City of Golden Shadow
Renie stared at the newcomers. There was something naggingly familiar about the muscular, black-haired sim. As she turned to consult !Xabbu, she felt a gentle touch on her arm. One of the previous group of guests, a small, round woman in a Temilúni sim, stood beside her.
"I am sorry to bother you. I am very confused. May I speak with you for a moment?"
Renie could not help looking the stranger over, but there was no way to deduce anything certain about anyone in VR. "Of course. Sit down." She led the woman to the chair beside Martine's.
"I . . . I do not understand where I am. That man said we are in his simulation, but I have never seen a simulation like this."
"None of us has," Renie assured her. "It's a whole new universe when you've got that kind of money, I guess."
The newcomer shook her head. "It is all so strange! I have been searching for help for my poor granddaughter, and thought I had discovered a source of information about what had harmed her. I have worked so hard to learn the truth! But now, instead of finding information, I find myself in . . . I do not know what it is."
!Xabbu popped up beside her. "Is your granddaughter ill?" be asked."Is she asleep and will not wake up?"

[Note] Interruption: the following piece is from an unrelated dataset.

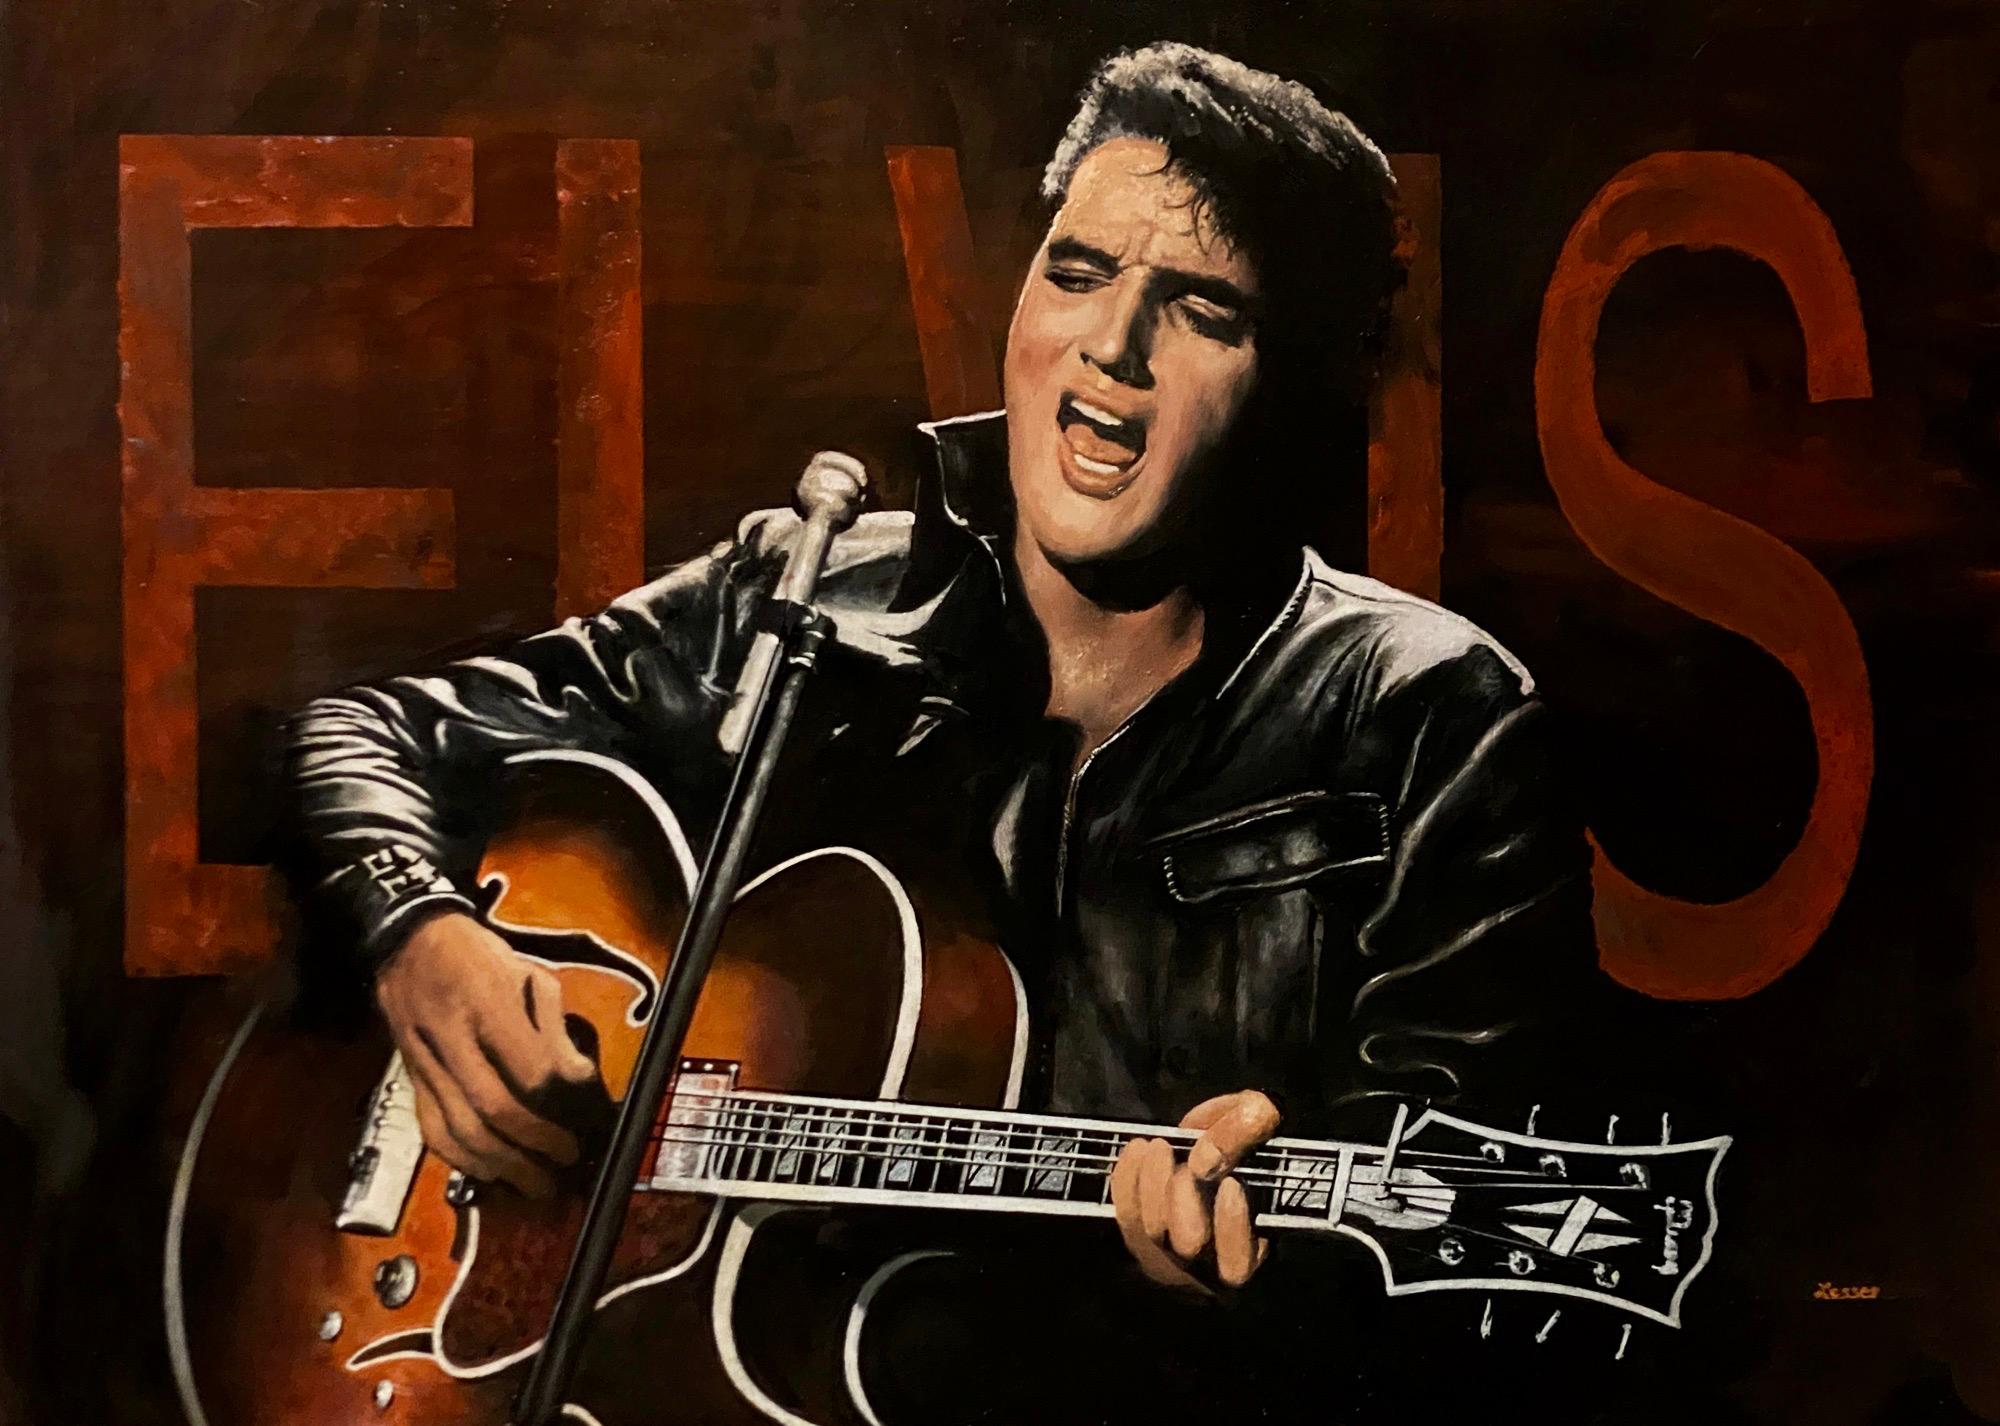 Elvis Presley 1968 Comeback Performance - Painting by Ron Lesser

The woman drew back, although Renie thought it was more from the startling suddenness of his question than !Xabbu's simian form. "Yes. She has been in the hospital for many months. The cleverest specialists in Hong Kong do not know what the problem is."
"The same thing is wrong with my brother." Renie described what had happened to Stephen, and how she and her friends had been led to Temilún. The woman listened avidly, making little noises of shock and unhappiness.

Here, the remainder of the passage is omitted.